The fMLF-induced signaling events leading to the activation of phagocyte NADPH oxidase (Nox2). Depicted schematically are major signaling pathways activated by fMLF that results in NADPH oxidase activation in neutrophils. Upon activation of the Gα_i proteins, the released Gβγ subunits trigger PI3K activation, resulting in the production PIP3 and its degradation products. The Gβγ and PIP3-mediated p-Rex1 activation is key to the conversion of GDP-bound Rac small GTPase to GTP-bound Rac, which translocates to membrane and associates with gp91^phox.Gβγ is also responsible for PLCβ2 activation, leading to the production of the second mesengers diacyl glycerol and 1,4,5-inositol trisphosphate (IP3), which stimulate PKC activation.
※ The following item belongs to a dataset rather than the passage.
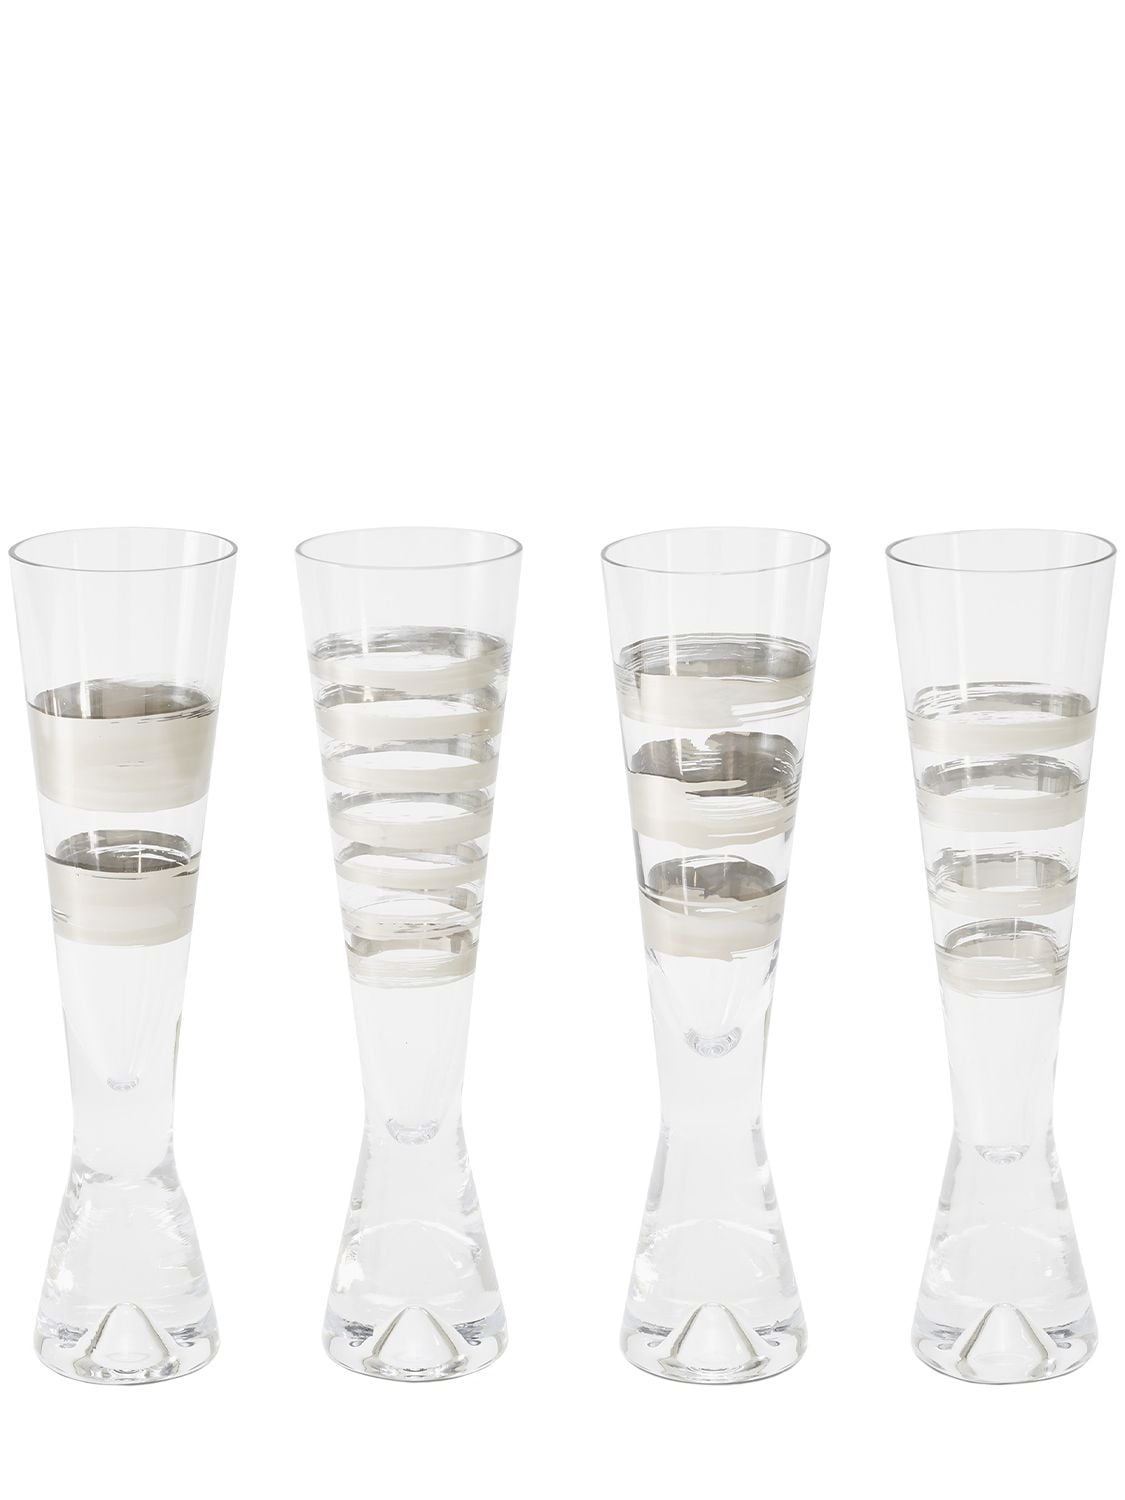 Image of Thank Champagne Glasses Set Of 4
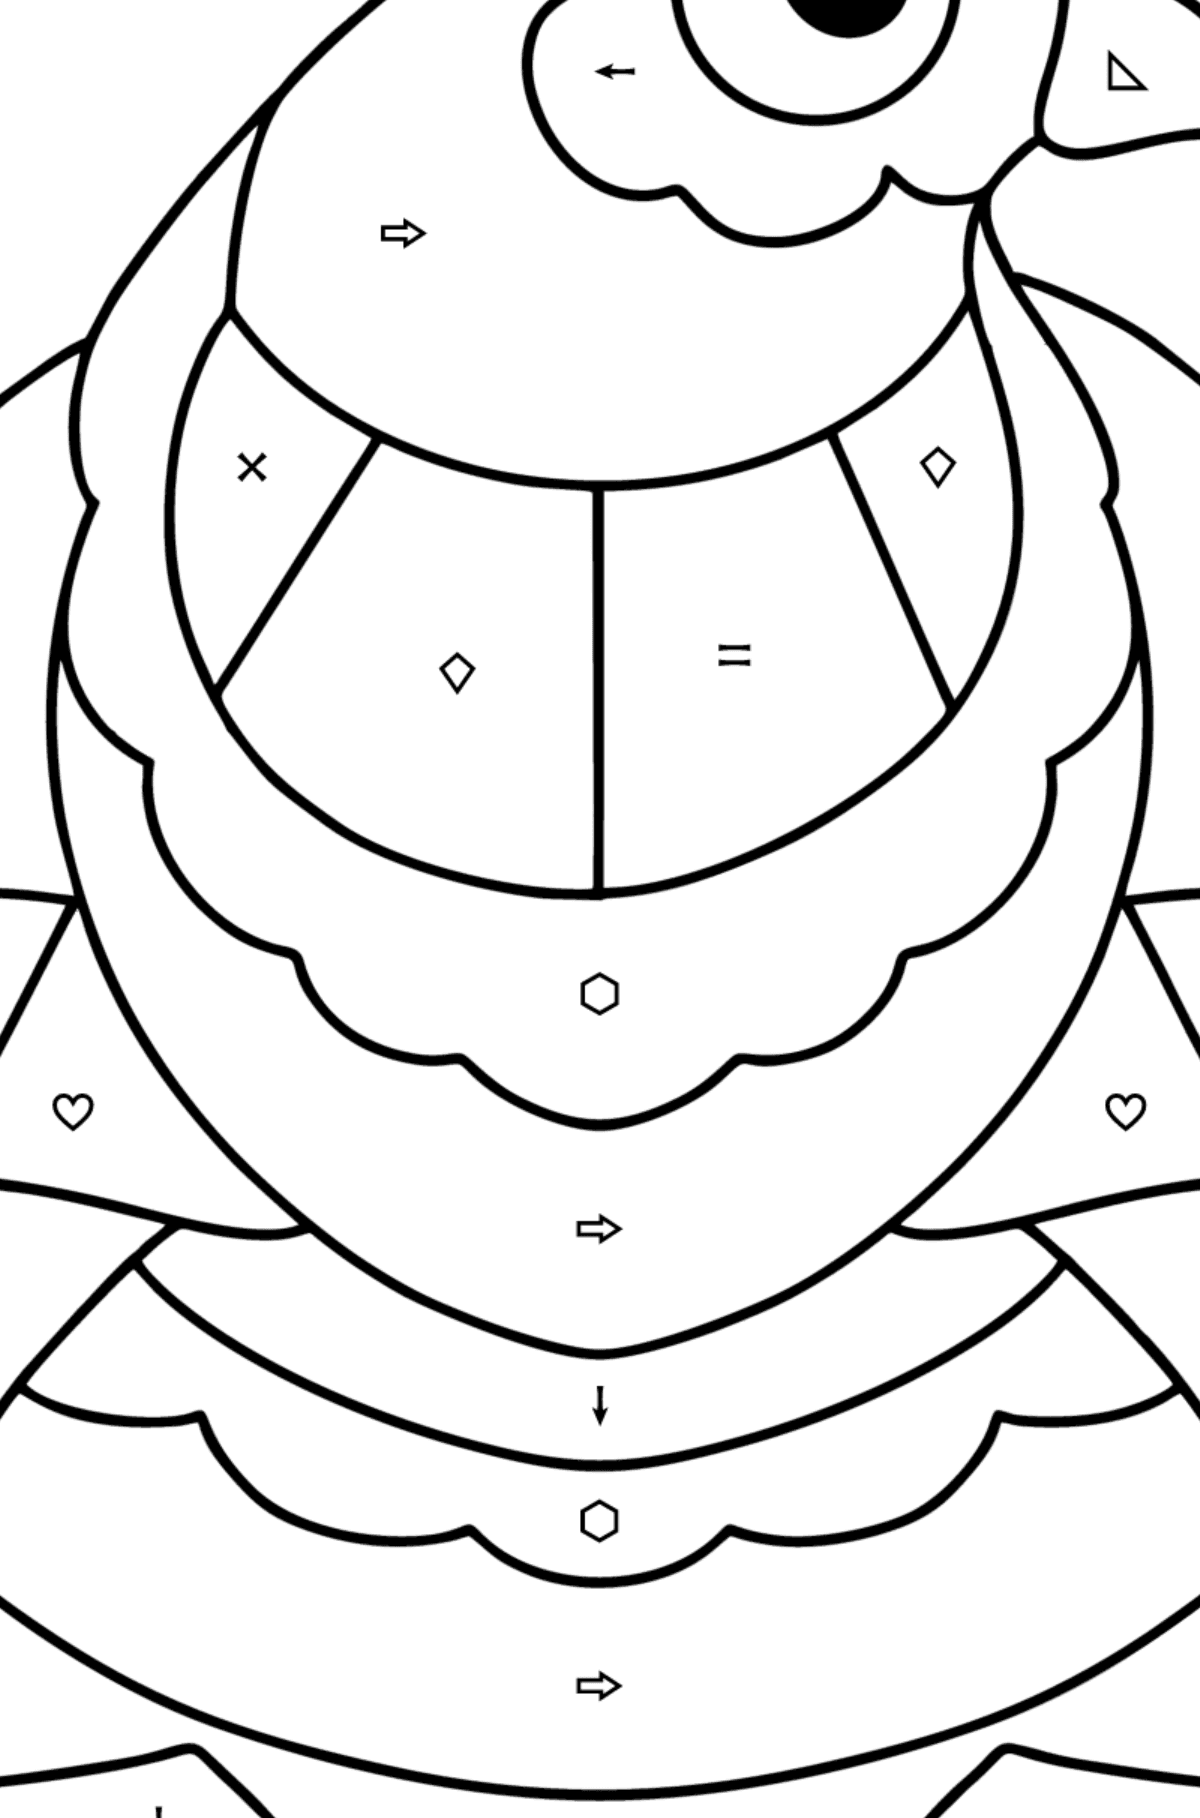 Anti stress pigeon coloring page - Coloring by Symbols and Geometric Shapes for Kids

Isoforms of PKC (PKCδ, PKCξ, PKCβII, and PKCα), MAPK (p38, ERK), and Akt are known to catalyze the phosphorylation of p47^phox in fMLF-stimulated neutrophils, prompting membrane translocation of the cytosolic factors. The PX domain in p47^phox also facilitates its membrane association. Assembly of a membrane complex of NADPH oxidase is key to its conversion of molecular oxygen to superoxide. Omitted in this drawing is the phospholipase D (PLD) activation pathway, which is reported to contribute to fMLF-induced superoxide generation.